Cet animal est triste, et la crainte le ronge. Être un rongeur rongé : vexant, non ?

« Les gens de naturel peureux/Sont, disait-il, bien malheureux ;/Ils ne sauraient manger morceau qui leur profite./Jamais un plaisir pur/

Cette crainte maudite/ M’empêche de dormir, sinon les yeux ouverts

(oui anhédonie et insomnie complètent logiquement le tableau symptomatique).

Corrigez-vous, dira quelque sage cervelle. La phrase qui tue. Déjà le lièvre est angoissé, déprimé, bref a du mal à se sentir bien. Et voilà qu’en plus on lui balance c’est pas bien. Il fait des histoires, il s’écoute : ça va comme ça, qu’il prenne sur lui, quoi ! C’est ce qui s’appelle la double peine. Après on s’étonne que le lièvre reste terré dans son gîte, gisant dans son terrier.

Ainsi raisonnait notre lièvre, et cependant faisait le guet./Il était douteux, inquiet : Un souffle, une ombre, un rien, tout lui donnait la fièvre.

La sage cervelle ci-dessus dira qu’il jouait à se faire peur. Comment ne sait-elle pas que l’angoisse est un pare-excitations (lui rétorquera le lièvre qui en son gîte quand il ne songe pas lit Freud). Formuler un scénario catastrophe aide à donner forme à l’angoisse informe, prégnante. Mais c’est vrai que ça ne marche pas à tous coups.

À un moment un léger bruit suffit à faire détaler le lièvre. Et voilà que par hasard Il s’en alla passer sur le bord d’un étang. Du coup pffft ! Grenouilles de rentrer dans leurs grottes profondes.

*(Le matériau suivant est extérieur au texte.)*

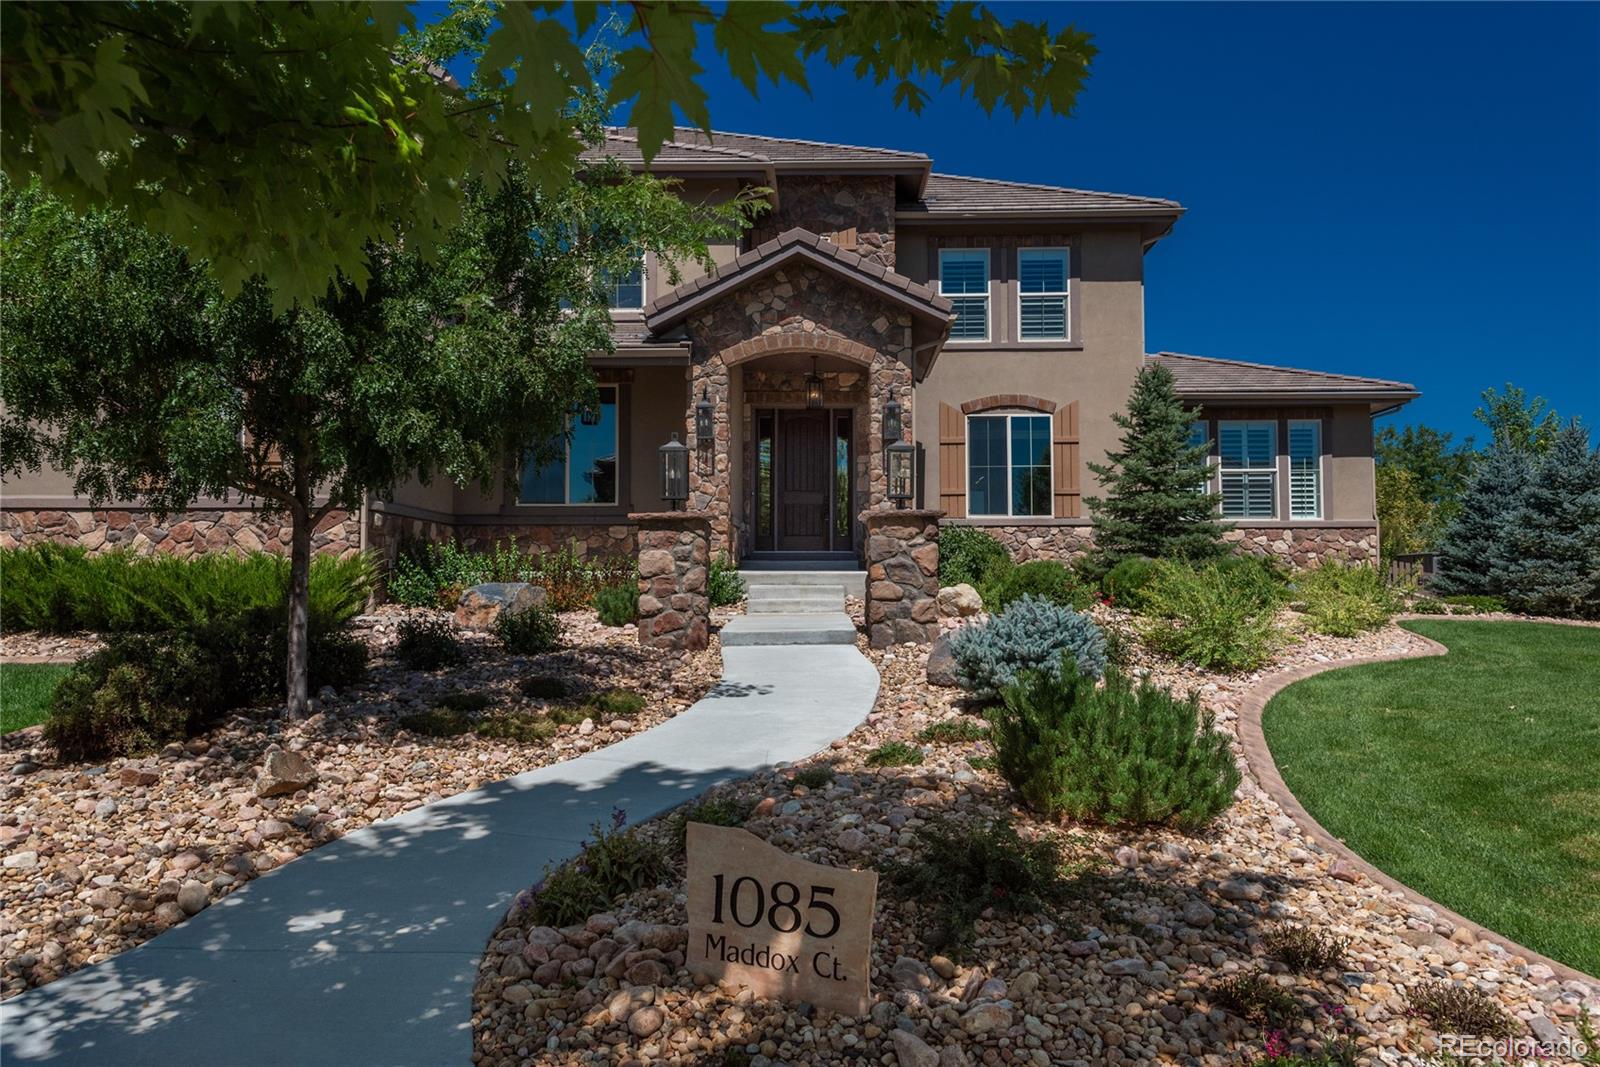 Report Image for 1085  Maddox Court,Broomfield, Colorado

Alors le lièvre a l’illumination. C’est comme si ces grenouilles lui tendaient un miroir. Lui qui a peur peut faire peur tout pareil. Il n’est pas plus nul qu’un autre. Conclusion à chacun sa névrose tous les dégoûts sont dans la nature.

Remarquons pour finir que ce n’est pas la sage cervelle qui l’a aidé. En fait, dit Freud, le meilleur médecin c’est la vie. Souvent une circonstance fortuite de la vraie vie (par opposition aux songeries) provoque la guérison mieux que les donneurs de leçon. Et même parfois mieux que psychanalystes (y compris lacaniens) ou philosophes (y compris spinozistes). À condition bien sûr d’en prendre acte.

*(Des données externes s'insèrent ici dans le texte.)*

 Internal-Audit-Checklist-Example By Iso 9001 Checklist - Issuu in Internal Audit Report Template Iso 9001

Que faire en un gîte à moins que l’on ne songe ? Faire de sa songerie une fable sans doute. Ou l’interprétation d’une fable.

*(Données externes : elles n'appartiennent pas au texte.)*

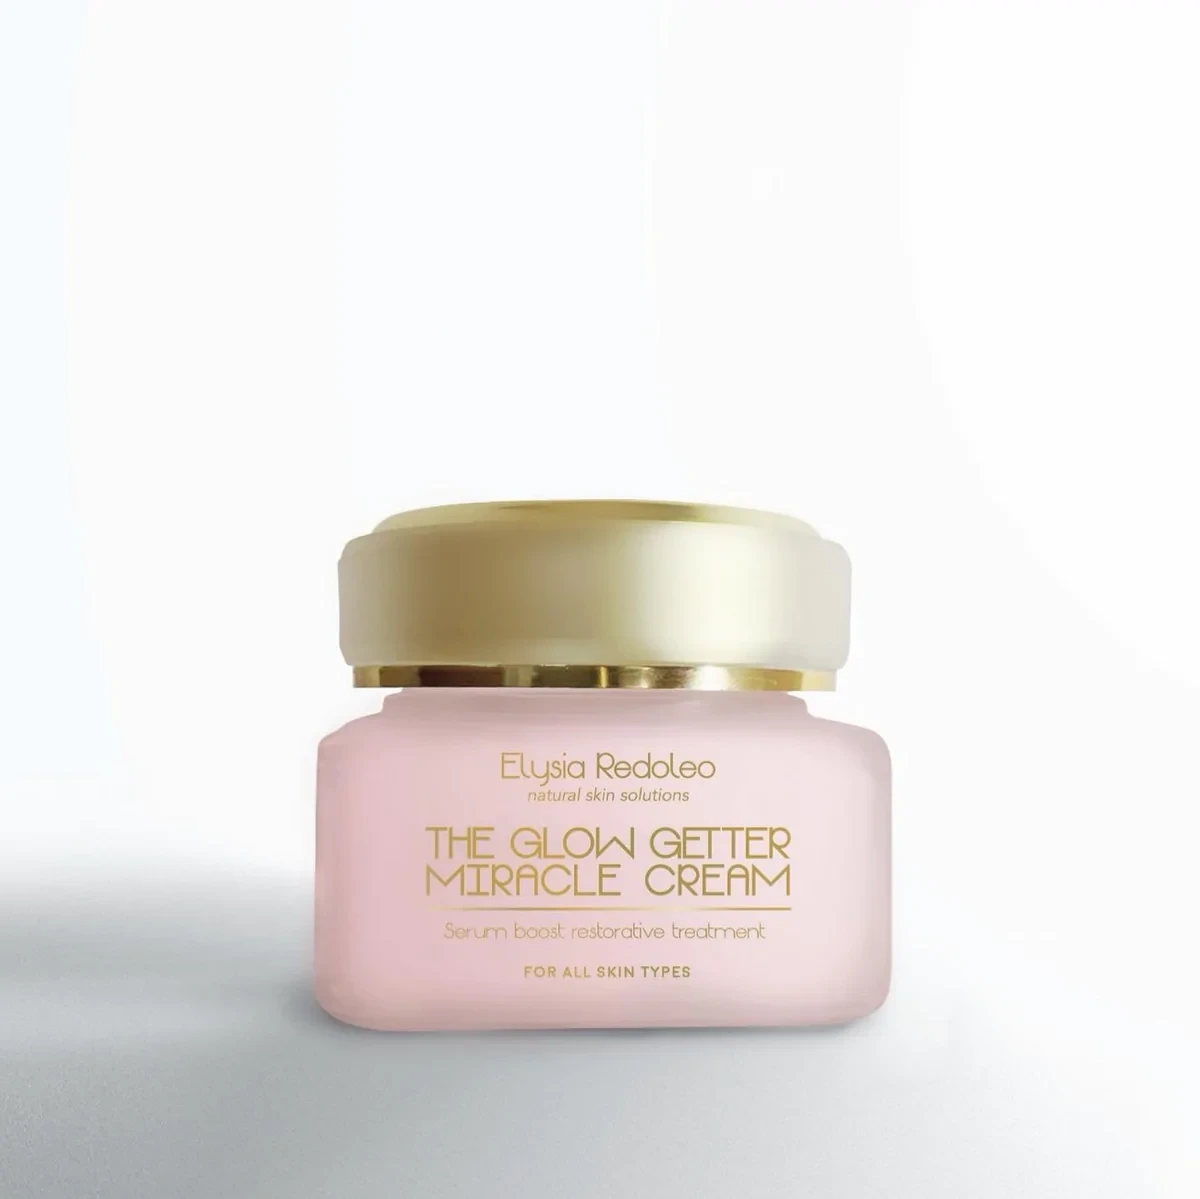 The Glow Getter Miracle Cream 綠藻多功能修復奇蹟霜

Image : Jeffrey Bonto de Pixabay

5 Commentaires

  • Jean-Marie dit :

    Moralité : n’en déplaise aux porcs-épics, ce sont bien les animaux sauteurs et sursauteurs qui donnent et reçoivent les meilleures leçons de résilience (le mot qui fait bondir…)

    • Ariane dit :

      Je ne peux qu’approuver, ayant quelque affinité avec certain d’entre eux qui privilégie le déplacement « à sauts et à gambades ».
      Mais sur le porc-épic il me faut cependant rebondir (oui ouille), car, ô intuitif lecteur, figure-toi qu’il se pointera à un détour de cette haletante série, à l’épisode 6 exactement. (Si c’est pas teasé, ça, hein …)

  • André Bellatorre dit :

    J’ai un faible pour les fables qui mettent en scène les grenouilles même si elles sont parfois un peu sottes quand elles veulent ressembler au boeuf. Ici elles sont peureuses et me font penser à celles qui « sous les pas du poète se jettent au prochain étang » (Francis Ponge j’y songe). il est vrai qu’elles ne sont pas les héros de la fable mais je n’ai rien contre les lièvres songeurs bien au contraire.
    J’ai aussi un faible pour votre prose, Ariane, à la fois savante (qui n’est pas sotte donc) et légère (elle est sautillante elle aussi). Un régal donc et étant addict à La Fontaine (lui aussi savant et pimesautier à la fois) je me précipite sur les autres articles de cette série. On n’y rencontre pas toujours des grenouilles mais tant pis ou tant mieux…

    • Ariane dit :

      Merci pour votre lecture, André, il est agréable et réconfortant de voir le lecteur rebondir, on se sent moins seul en son gîte … J’apprécie la référence à Ponge, car je n’y avais pas songé, mais oui il a de beaux points communs avec La Fontaine, l’observation, l’écoute, y compris du muet, et les mots qui font voir et entendre
      Les grenouilles en revanche … j’ai quelques traumas d’enfance à cause de ces animaux. Et je ne parle pas des sauterelles dans le genre, ma plus grande phobie.

  • André Bellatorre dit :

    Sans compter que Francis Ponge quand on l’interrogeait sur son écrivain préféré répondait La Fontaine. Ce n’est pas pour rien si ses poèmes en prose avaient l’allure de fables singulières sur les choses et les animaux. On peut y voir une certaine parenté assez joyeuse.